• **Task to complete**
Would you restate each line of the data below word for word, without its pictures?

• **Source material**
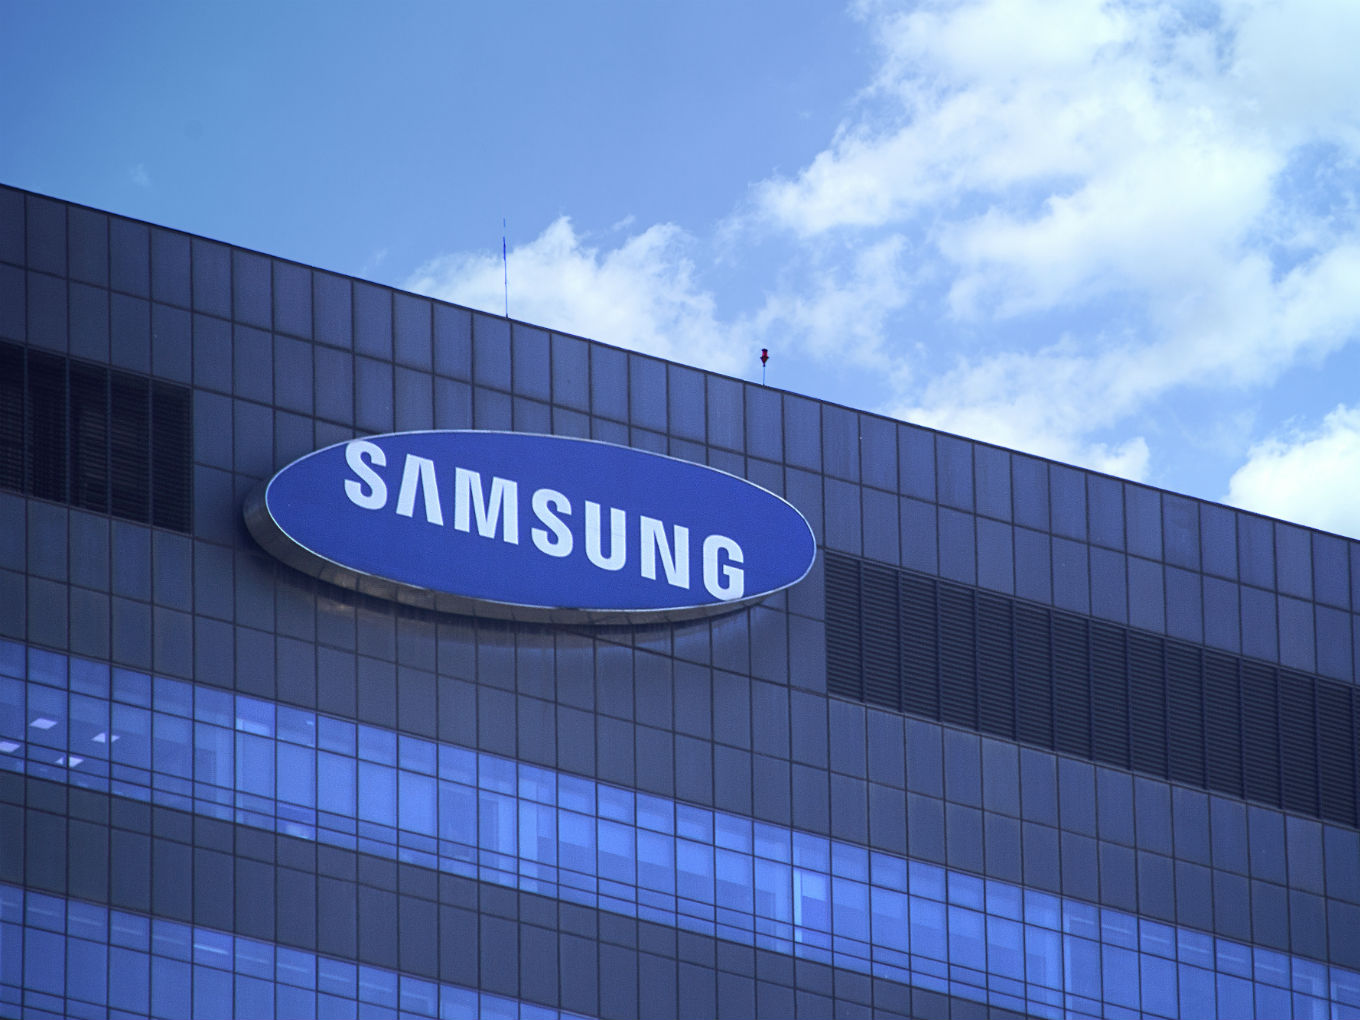 Samsung Venture Capital Corp Invests $8.5 Mn In Four Indian Startups
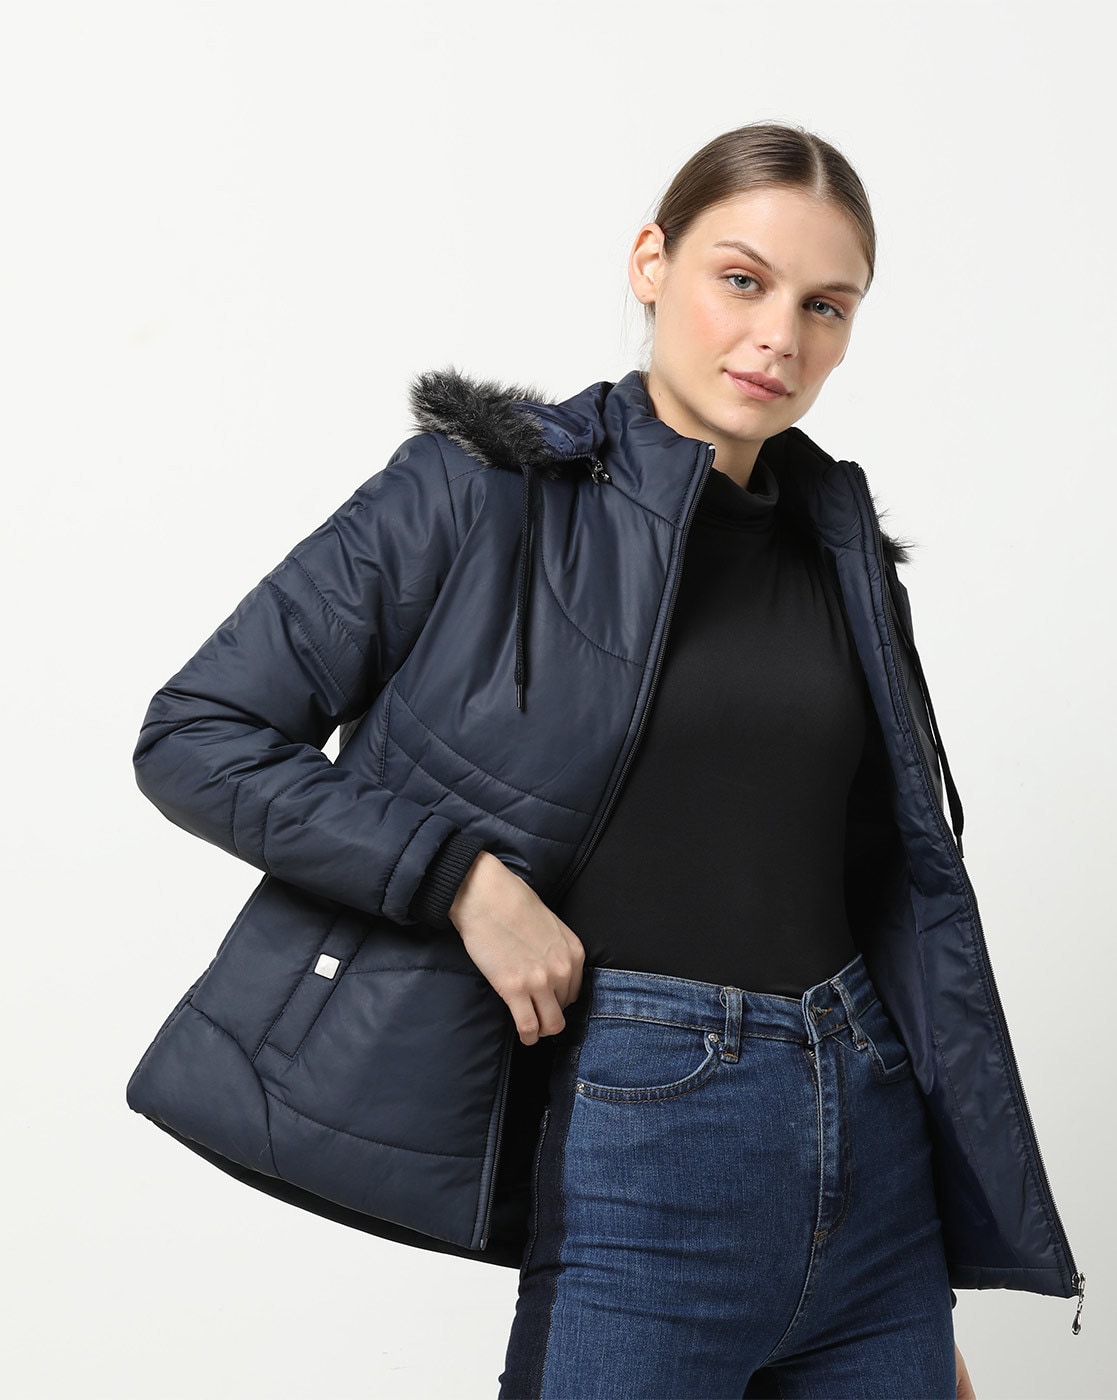 Tanu Recommends : FORT COLLINS Quilted Jacket with Detachable Fur-Lined Hood
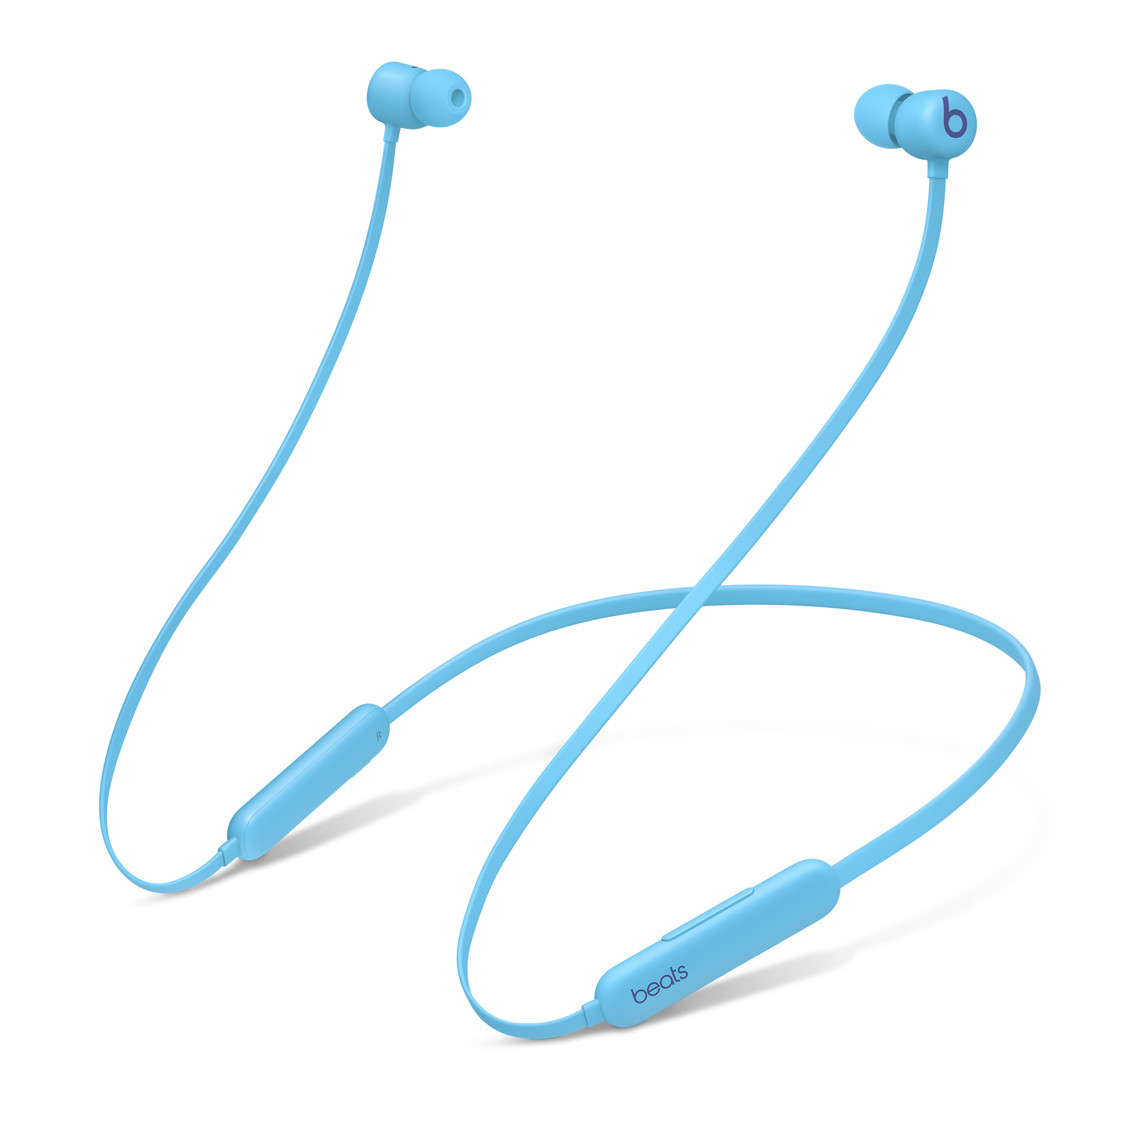 Beats Flex All-Day Wireless Earphones, in Flame Blue, feature a dual-chamber acoustic design to achieve outstanding stereo separation with rich and precise bass.

• **Solved problem**
 Samsung Venture Capital Corp Invests $8.5 Mn In Four Indian Startups
 Tanu Recommends : FORT COLLINS Quilted Jacket with Detachable Fur-Lined Hood
 Beats Flex All-Day Wireless Earphones, in Flame Blue, feature a dual-chamber acoustic design to achieve outstanding stereo separation with rich and precise bass.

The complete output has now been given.